In natura – hanno altamente proclamato gli scienziati – niente si crea e niente si distrugge. A dimostrare la verità di questa asserzione sta il fatto che nessuno mai ha creato né creerà [dal nulla] qualche cosa, e che la dissoluzione di un essere è sempre servita e sempre servirà alla riproduzione di un altro.

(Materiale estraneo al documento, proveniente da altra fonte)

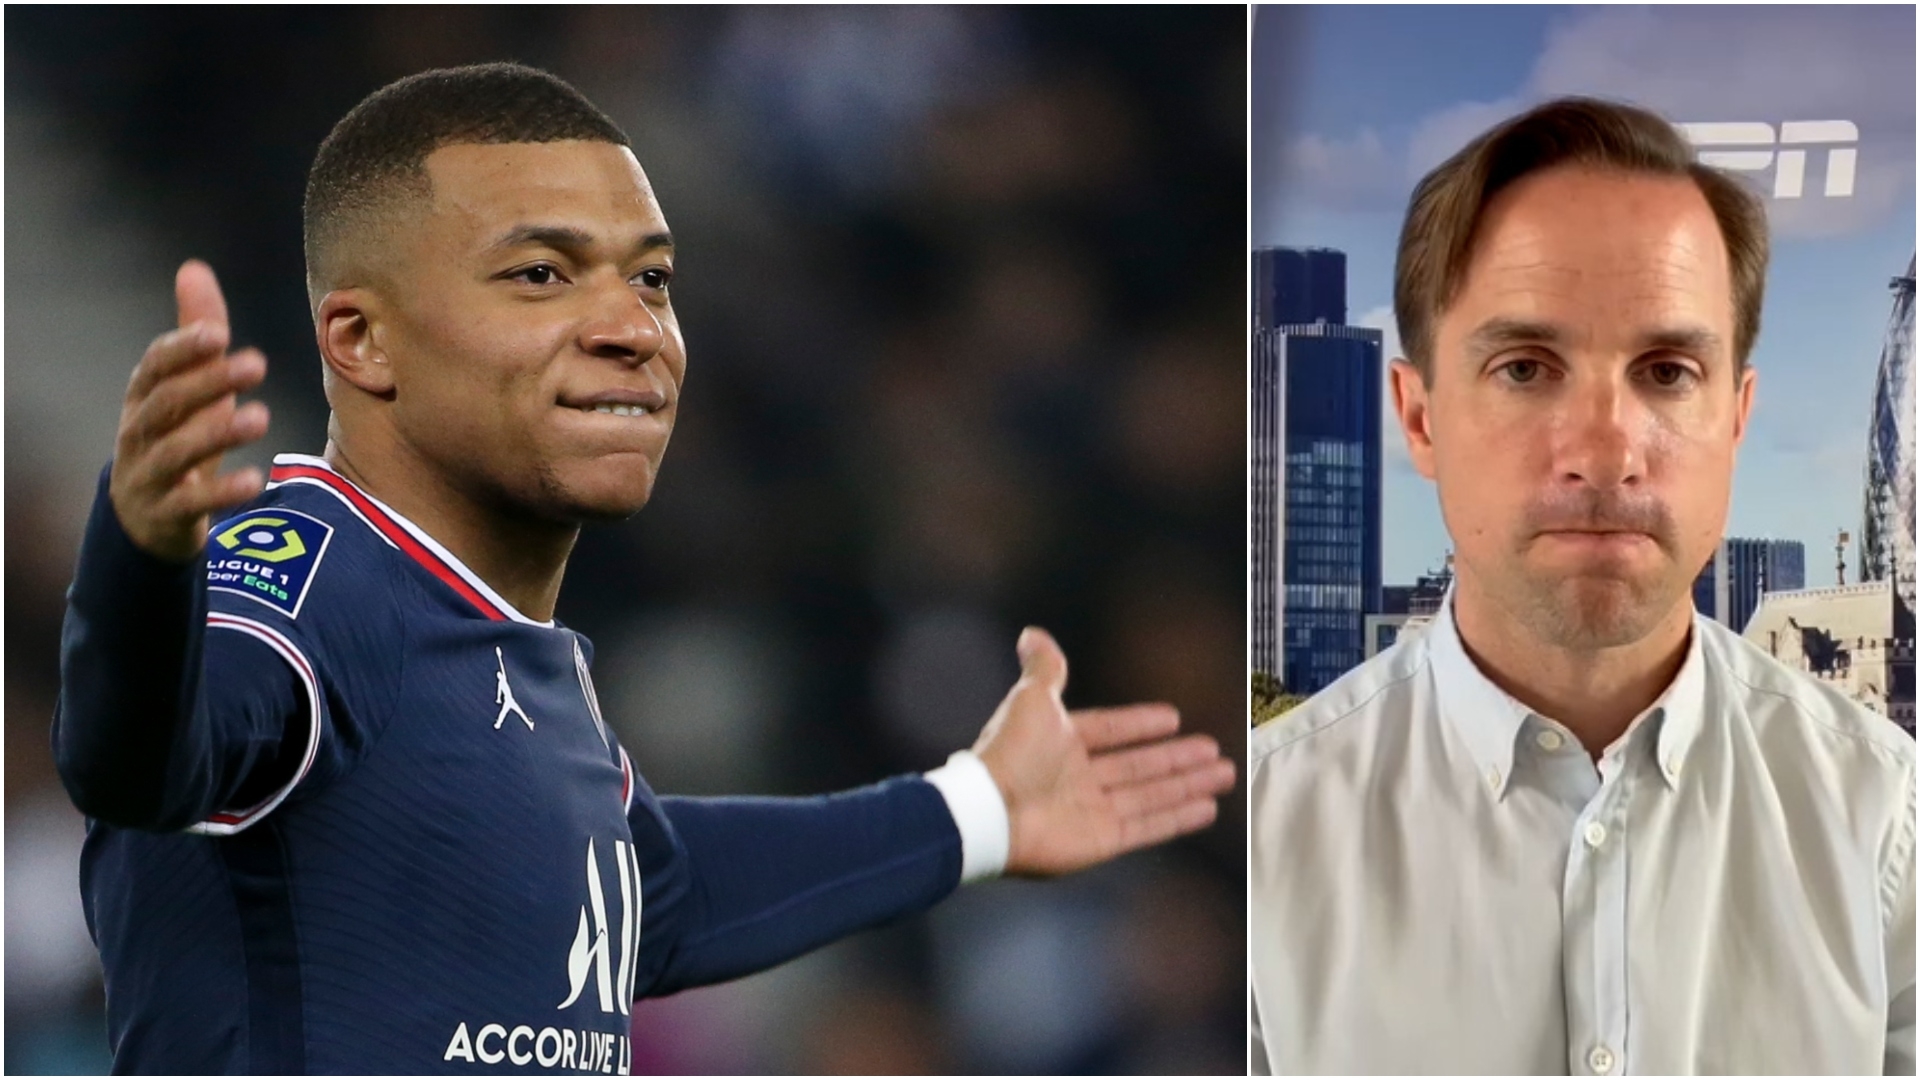 Laurens PSG believe Kylian Mbappe will join Real Madrid - Stream the Video

Ma se questo si avvera per gli esseri materiali e sensibili, non si avvererà tanto più per lo spirito umano? L’uomo consta di anima e di corpo. Il corpo, dopo una vita più o meno lunga, è destinato alla morte, non però all’annientamento. Il chicco di grano affidato alla terra, non è distrutto ma solo subisce una mirabile trasformazione, che farà di esso una turgida spiga; così il corpo dell’uomo, posto nel camposanto, si decompone rapidamente, ma non si distrugge. Quel pugno di polvere, forse dispersa dal vento, allorché, «squillerà la tromba e i morti risusciteranno» (1Cor 15,52), per virtù di Dio si ricomporrà per partecipare all’immortalità dell’anima.
Il corpo deve pagare il suo tributo alla terra. Su di esso grava e graverà sempre la sentenza di Dio che punì il fallo dei nostri progenitori: «Morrete». Il corpo, privo dell’anima, non ha più vita, è morto. Ma l’anima continua a vivere, e non può morire, essendo stata creata da Dio immortale.2 E la Chiesa ha sempre professato la sua fede nell’immortalità dell’anima: «Credo... la vita eterna...».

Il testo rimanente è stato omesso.